Câmara debate benfeitorias para o Vale do Aracatu

A Comissão de Saúde, Educação, Cultura, Lazer, Turismo, Meio Ambiente e Assistência Social da Câmara Municipal de Botucatu se reuniu para discutir a viabilidade de um oficio encaminhado ao Legislativo pela Associação Amigos do Vale do Aracatu – AAVA, que propõe uma discussão sobre o Córrego do Aracatu e sua classificação no mapa do Plano Diretor do Município.

A Comissão de Meio Ambiente da Casa é formada por três vereadores, sendo um deles o presidente, Izaias Colino (PSDB), um relator, papel da vereadora Rose Ielo (PT) e um membro, que hoje é o vereador Valmir Reis (PPS).

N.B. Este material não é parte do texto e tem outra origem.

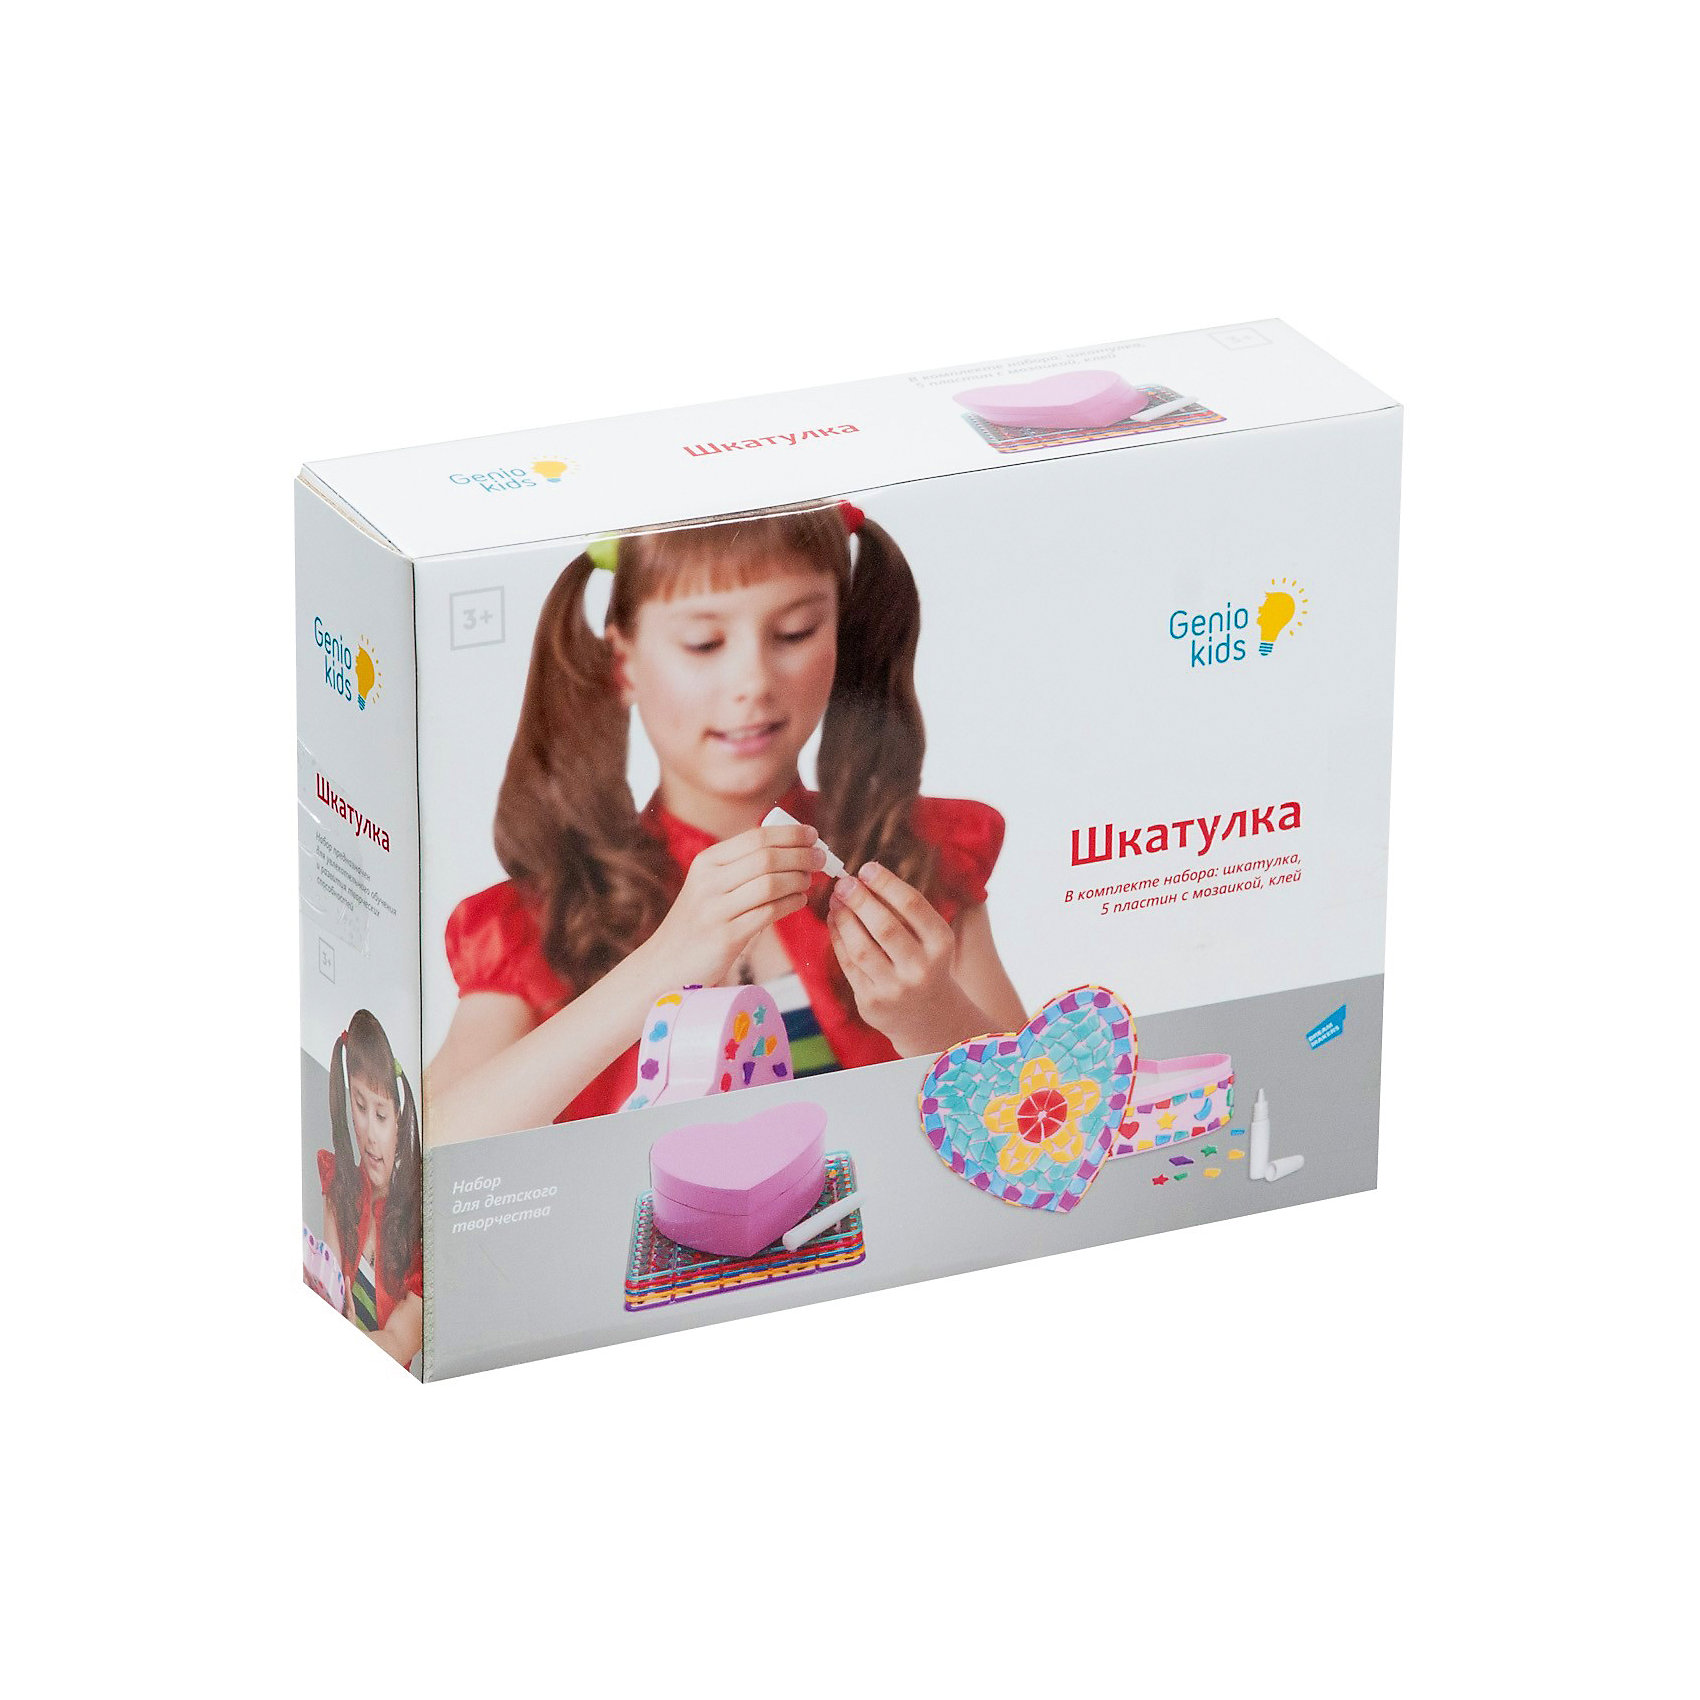 "Genio Kids Набор для детского творчества ""Шкатулка"" genio kids набор для детского творчества ""шкатулка"""

Na pauta da conversa estava a solicitação da AAVA para que a “Micro Bacia Hidrográfica do córrego Aracatu – Zona de Amortecimento da Unidade de Conservação Parque Natural da Cachoeira da Marta” seja incluída em sua totalidade nos novos desenhos e estudos da regulamentação do Plano Diretor do município.  

O objetivo da Associação em encaminhar o citado ofício para a Câmara Municipal, é garantir tal inclusão e consequentemente assegurar a preservação da Micro Bacia do Hidrográfica do Aracatu, que é recarga do Aquífero Guarani, está em uma área de cerrado com transição para Mata Atlântica protegida por Lei, além de necessitar de uma recuperação de suas nascentes nas áreas de preservação permanente, remoção de riscos ambientais e a implantação de uma reserva legal nas propriedades.

A documentação foi analisada pela Comissão, que decidiu pelo encaminhamento da mesma para o Executivo. “Analisamos com muito cuidado todo o pedido, mas na nossa avaliação, a Câmara ainda não tem participação decisiva no caso. Encaminhamos o ofício para o prefeito João Cury para que o Executivo realize os estudos necessários e comprove a viabilidade ou não da mudança. Caso seja viável, lutaremos para que o pedido seja executado”, explicou Izaias Colino.